Idle vs In-use information: active.avg , idle.avg will provide the information about the IOT devices if it is forwarding or not forwarding the network traffic.
The dataset appears to be useful for studying network behavior, identifying attacks, and analyzing flow-based communication statistics.
Source of the data
The RT-IoT 2022 dataset, available from the UCI Machine Learning Repository, is designed for research on detecting attacks in IoT (Internet of Things) systems. It contains network flow data from various IoT devices and captures both normal and malicious traffic, making it valuable for studying cybersecurity in IoT environments. The dataset includes features such as packet counts, traffic flow statistics, and communication protocols, which are essential for intrusion detection and anomaly analysis in smart systems. Researchers often use it to train machine learning models to detect cyberattacks.
Dataset Generation
The RT-IoT2022 dataset was specifically created to train and test the IDS. The dataset comprises normal and attack traffic, captured using real-time IoT devices like ThingSpeak-LED, MQTT-Temp, Amazon Alexa, and Wipro Bulb. The authors used a router setup to connect both victim (IoT devices) and attacker devices, capturing network traffic through the open-source tool Wireshark, which recorded and converted traces into PCAP files.

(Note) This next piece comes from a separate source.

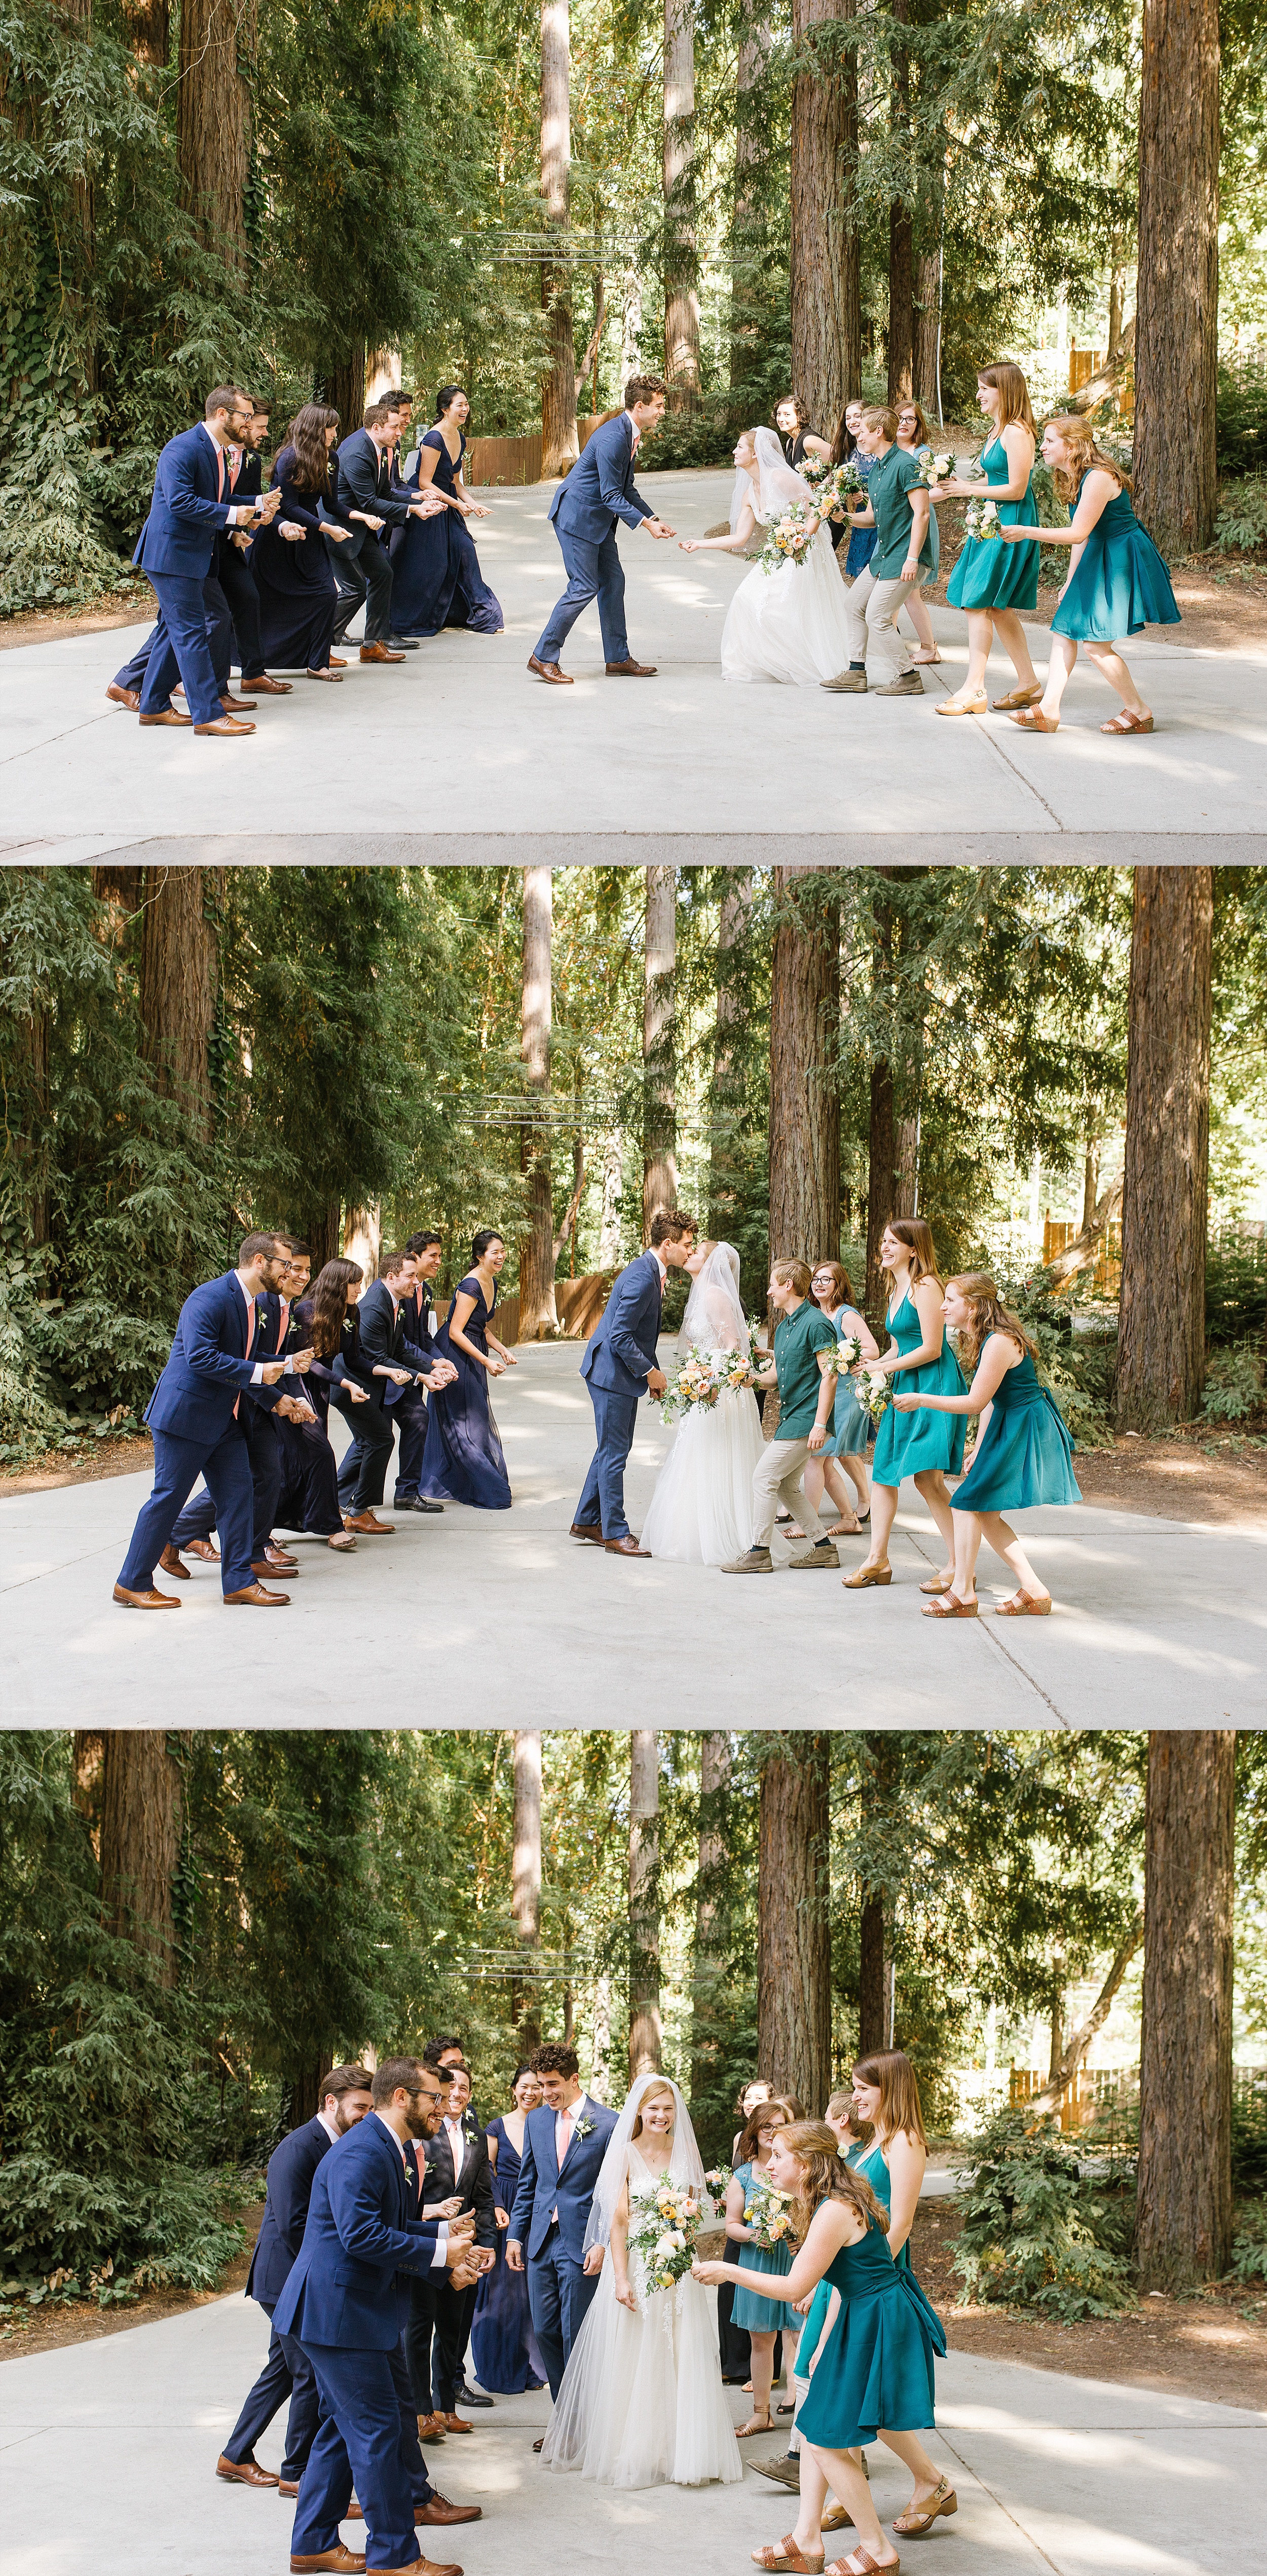 Amphitheatre-of-the-Redwoods-wedding-erikariley_chelsea-dier-photography_0057.jpg

Attack Simulation: SSH Brute-Force Attack: Metasploit’s modules were employed to launch SSH brute-force attacks after scanning for open ports using Nmap. DDoS Attack: The Hping3 tool from Kali Linux was utilized to generate DDoS attacks, transmitting thousands of packets to simulate high traffic.
Feature Engineering: The collected PCAP files were processed using the CICFlowmeter tool, converting the network traffic data into bidirectional flow features for analysis. Irrelevant information like source and destination addresses were removed, and categorical features were numerically encoded to prevent overfitting. This method ensured a realistic and comprehensive dataset, encompassing both benign and malicious IoT traffic, critical for developing and testing the QAE IDS model.
Questions
The following are the question will be used for our project:-
Which protocol, service and port number is used in different type of attack scenarios to avoid any future network cyber attacks ?
How do different type of attack show unique patterns across bandwidth, inter arrival time, payload and flow characteristics ? Are these patterns showing any reliable distinctions between attacks ?
Which combinations of dimensions is responsible for the different type of attack ?
Analysis plan
Question 1:
- Variable proto , service and id.resp_p will be used and compared with different type of attacks vs when actual devices is talking over same protocol, service and port number.
Question 2:
A relationship between variables that corresponds to bandwidth information for e.g. fwd_pkts_tot, bwd_pkts_tot, fwd_data_pkts_tot, bwd_data_pkts_tot, fwd_pkts_per_sec, bwd_pkts_per_sec, flow_pkts_per_sec with attack type will be determined. This will define the clear relationship of bandwidth during an attack
Inter-arrival time information which will use variables like fwd_iat.min, fwd_iat.avg, flow_iat.min to make similar relationship during an attack vs normal operation.
Every attack type prohibit different payload behaviour. We will use the variables fwd_pkts_payload.avg,fwd_pkts_payload.min, fwd_pkts_payload.max to find out extreme large packet and empty packet
DDOS slowloris attack uses TCP SYNC message flooding through the server with the flow characterstics information we will compare number of TCP SYNC message with the number of other TCP messages
Question 3:
- With comparison of different variables in attack scenarios we will determine who and how many dimensions are affected during attacks
Ethical concerns
Our dataset do not have any ethical concerns because basic information of internal organization is not included. We are visualising and analysing without source and destination specified which has its pros and cons.